May 12, 2014

Mind of Winter by Laura Kasischke

Mind of Winter  [**]
by Laura Kasischke

Okay, so I think Laura Kasischke and I are breaking up. I read "The Raising" and raged for days after, but I gave her another try because I'm nothing if not a glutton for punishment.

Holly Judge wakes up Christmas morning to find that she's overslept. But that's not all. She's convinced something has followed them home from Russia. Although it's been thirteen years since they were in Russia to adopt their daughter Tatiana. Her husband is out picking up his parents from the airport, and a blizzard has kept all their Christmas day guests from arriving. In the meantime, Tatiana has suddenly become a teenager. Like, overnight. Or something. Because this sudden back and forth of attitude and sullenness and door slamming is made as if to appear from out of nowhere.

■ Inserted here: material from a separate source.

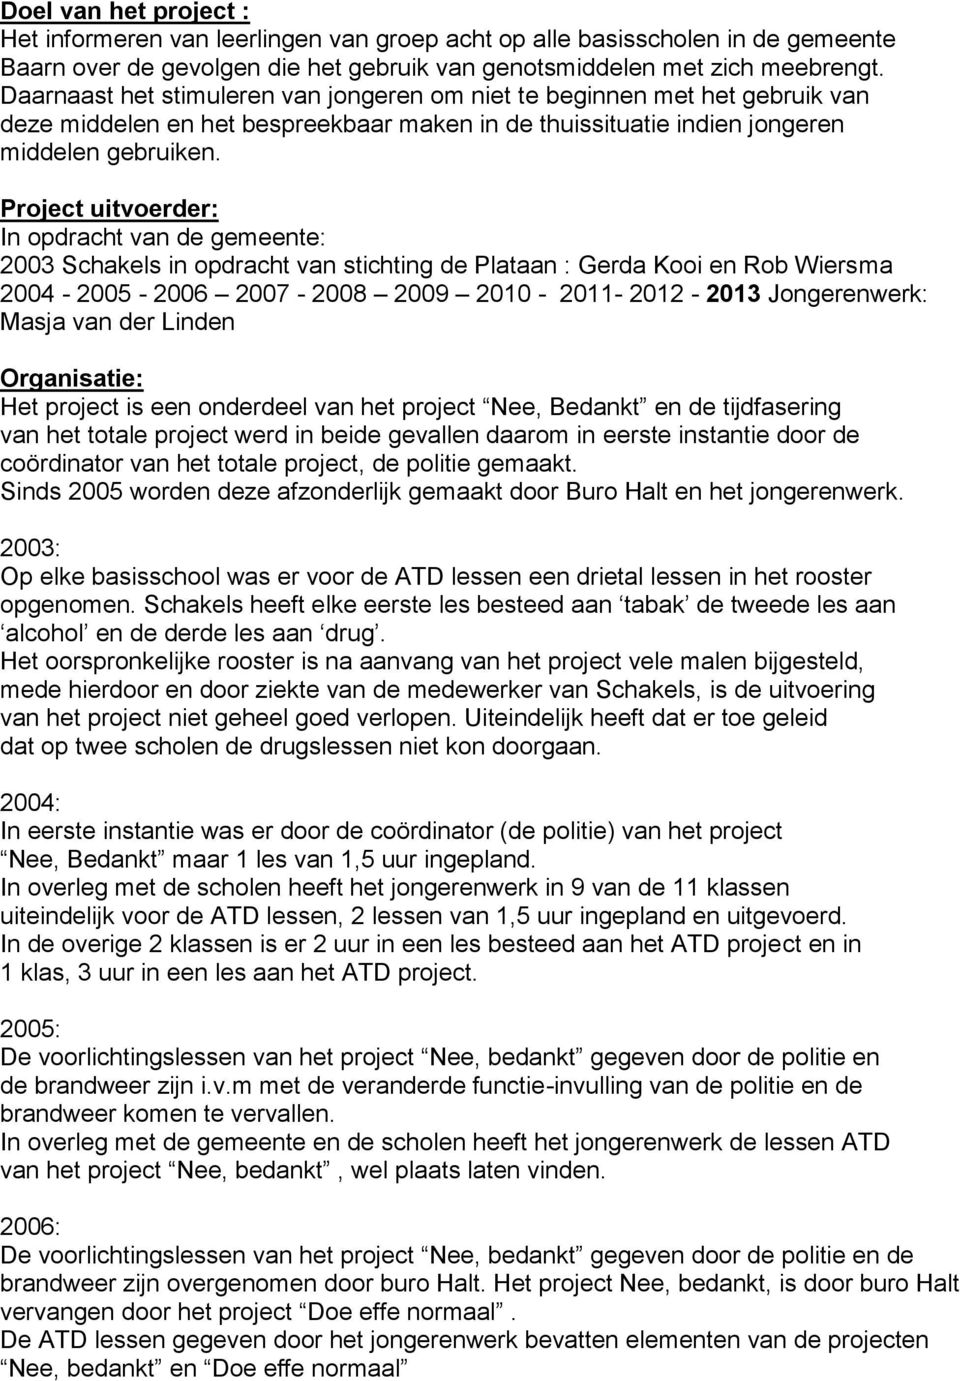 Project uitvoerder: In opdracht van de gemeente: 2003 Schakels in opdracht van stichting de Plataan : Gerda Kooi en Rob Wiersma 2004-2005 - 2006 2007-2008 2009 2010-2011- 2012 - Jongerenwerk: Masja

At the same time we are getting flashes of the adoption in Siberia and random happenings over the years since that cause Holly to repeat, over and over and over and ... "Something followed us home from Russia," and she's convinced if she could just find time to sit down and write she could get it all figured out.

And I know that this is all supposed to build up tension for the big ending, but mostly it just feels repetitive and disjointed.

You know how it goes: Fool me once, shame on me. Fool me twice ... Yeah, well shame on me. I should have learned my lesson after the fiasco that was The Raising.